Introduction
Two key functions
- forwarding: move packets from router’s input to appropriate router output
- routing: determine route taken by packets from source to destination.
Forwarding Table
header value | Output Link |
---|---|
0100 | 3 |
0101 | 2 |
0111 | 2 |
1001 | 1 |
Network Service Model
Example services for individual datagrams
- guaranteed delivery
- guaranteed delivery with less than 40 msec delay
Example services for a flow of datagrams
- in-order datagram delivery
- guaranteed minimum bandwidth to flow
- restrictions on changes in inter-packet spacing
Virtual Circuit and Datagram Networks
Connection, Connect-less Service
- Datagram network provides network-layer connectionless service.
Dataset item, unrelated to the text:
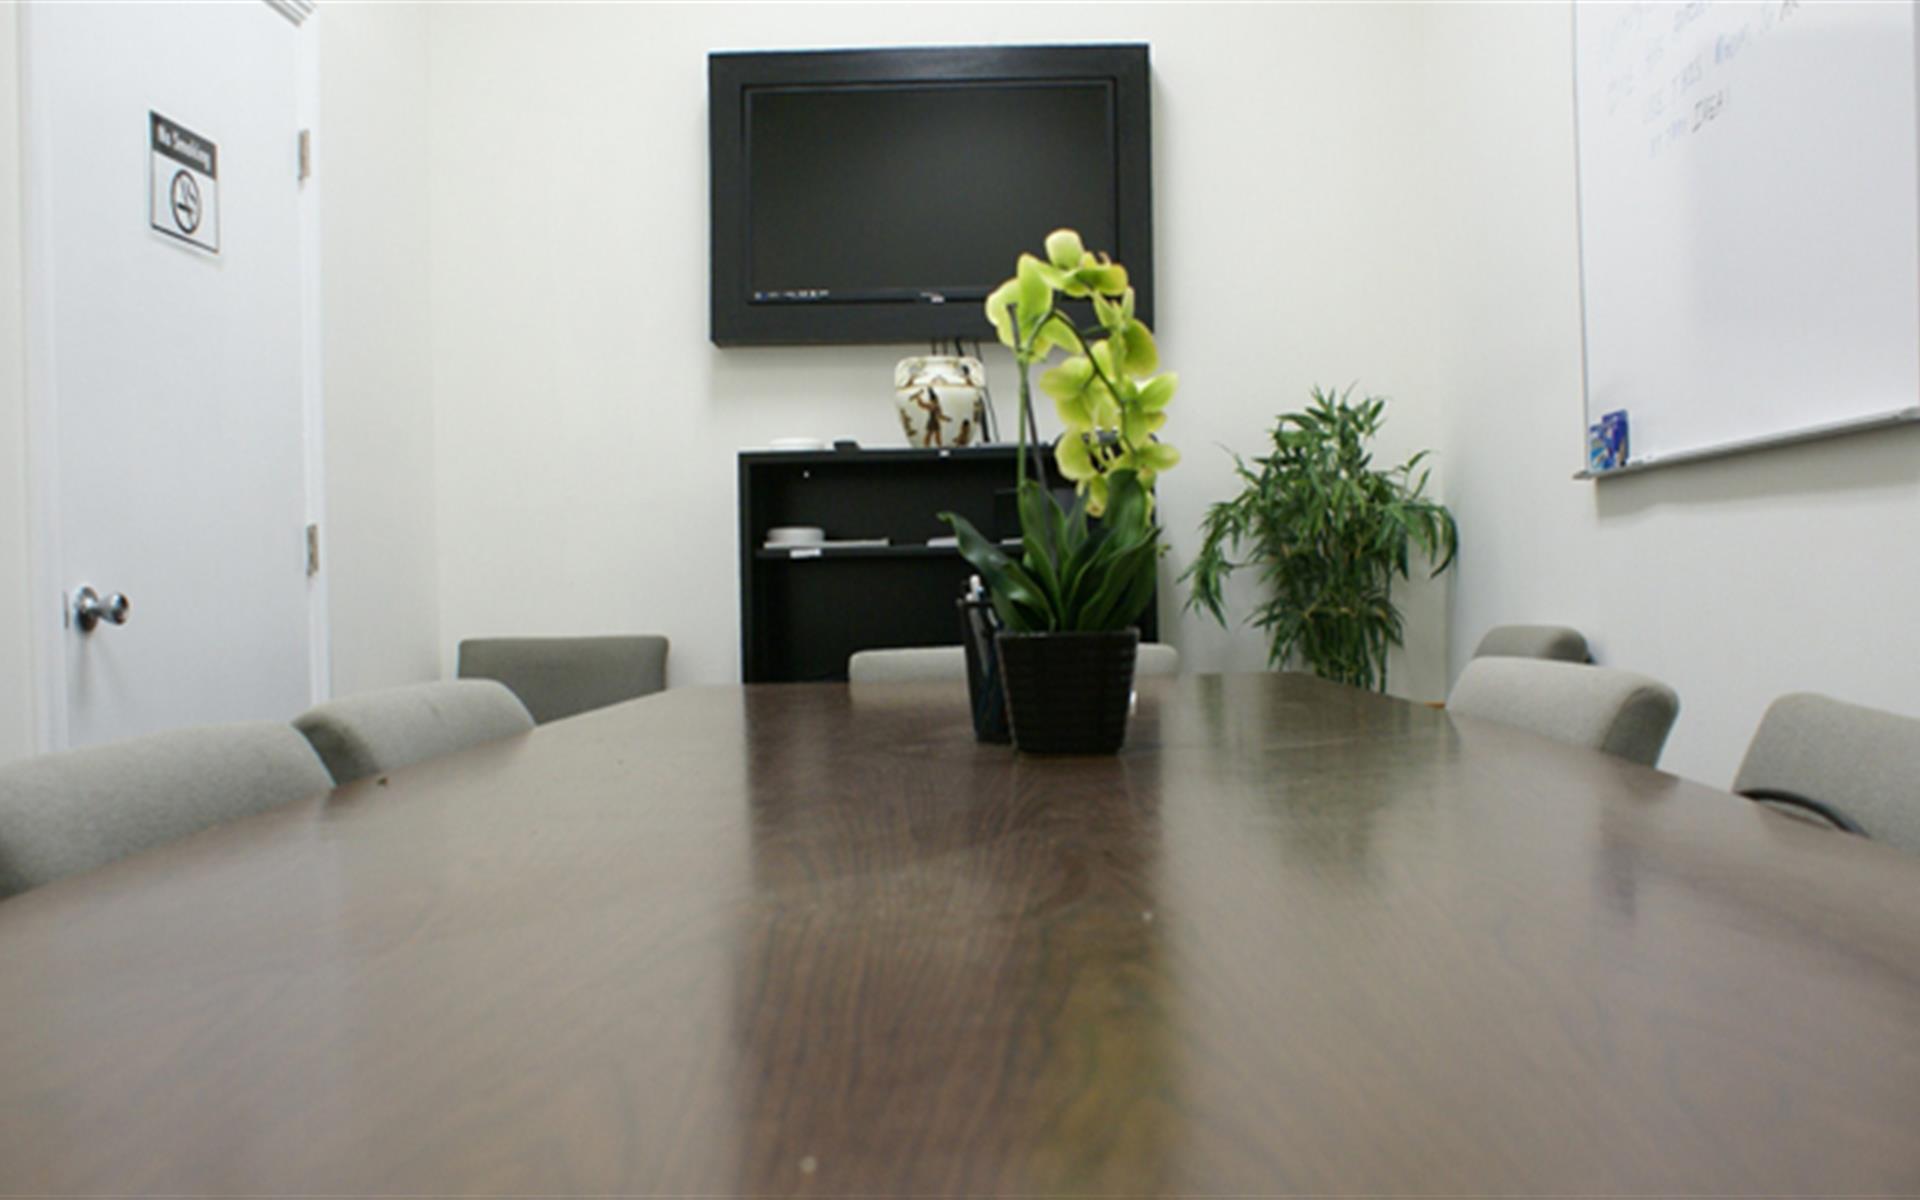 officeLOCALE Coworking Space & Cyberscraper - Private Office/Meeting Room WEEKENDS

- Virtual-circuit network provides network-layer connection service.
Analogous to TCP/UDP connecton-oriented / connectionless transport-layer services, but: - service: host-to-host - no choice: network provides one or the other - implementation: in network core
Virtual Circuits
source-to-dest path behaves much like telephone circuit
A VC consists of
- path from source to destination
- VC numbers, one number for each link along path
- entries in forwarding tables in routers along path
packet belonging to VC carries VC number (rather than dest address)
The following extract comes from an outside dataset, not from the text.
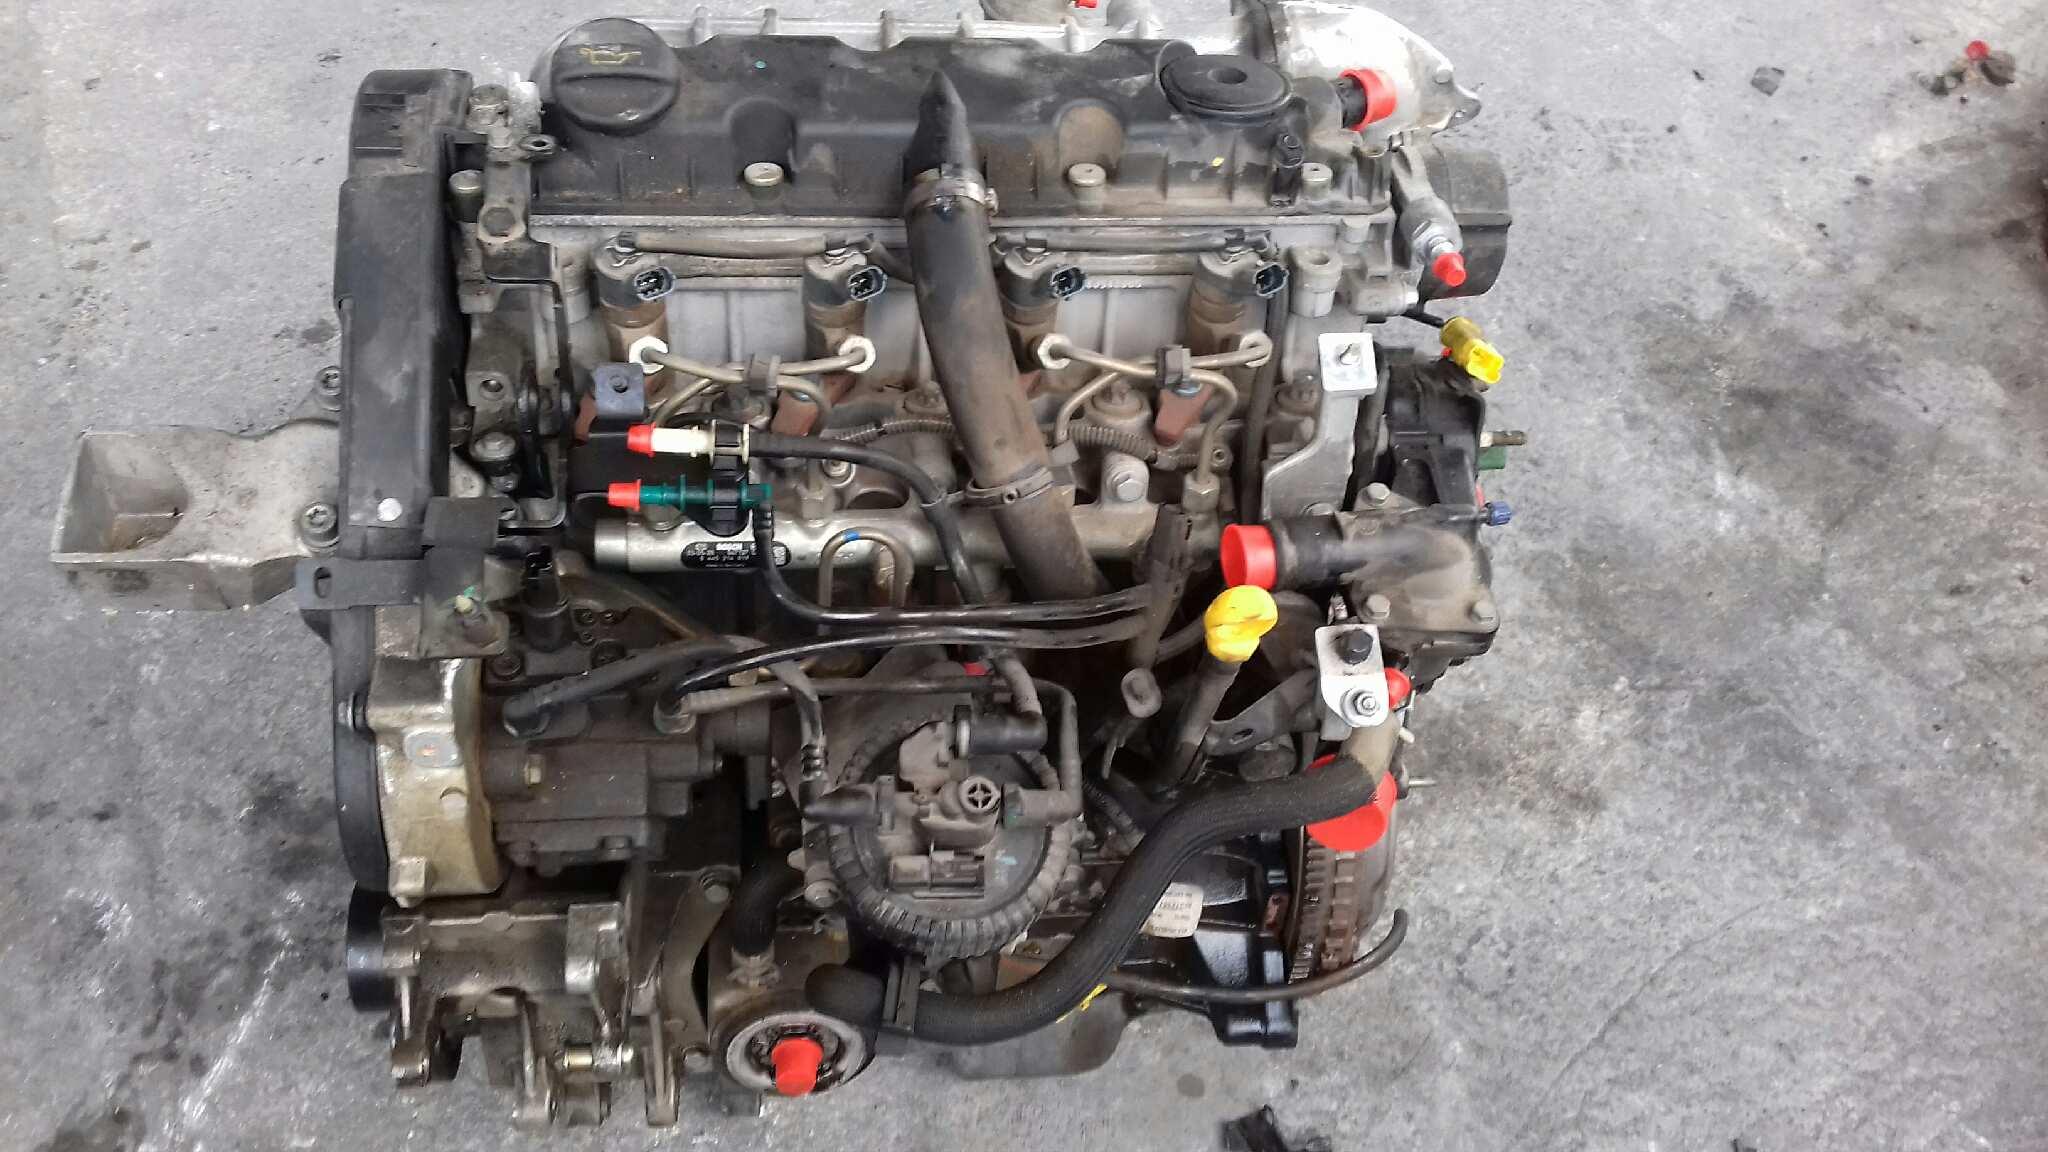 Motor completo de Peugeot 206 sw (2002 - 2007) RHY

VC number can be changed on each link. - new VC number comes from forwarding table
Signaling protocols
- used to serup maintian and teardown VC
- used in ATM, frame-relay
- not used in today's Internet
Datagram Networks
- no call setup at network layer
- routers: no state about end-to-end connections
- no network-level concept of “connection”
- packets forwarded using destination host address
Datagram forwarding table
- Longest prefix matching: when looking for forwarding table entry for given destination address, use longest address prefix that matches destination address.
Router
There are two key router functions: - run routing algorithms/protocol (RIP, OSPF, BGP) - forwarding datagrams from incoming to outgoing link
Input port functions
Switching fabrics
Switching fabrics transfer packet from input buffer to appropriate output buffer.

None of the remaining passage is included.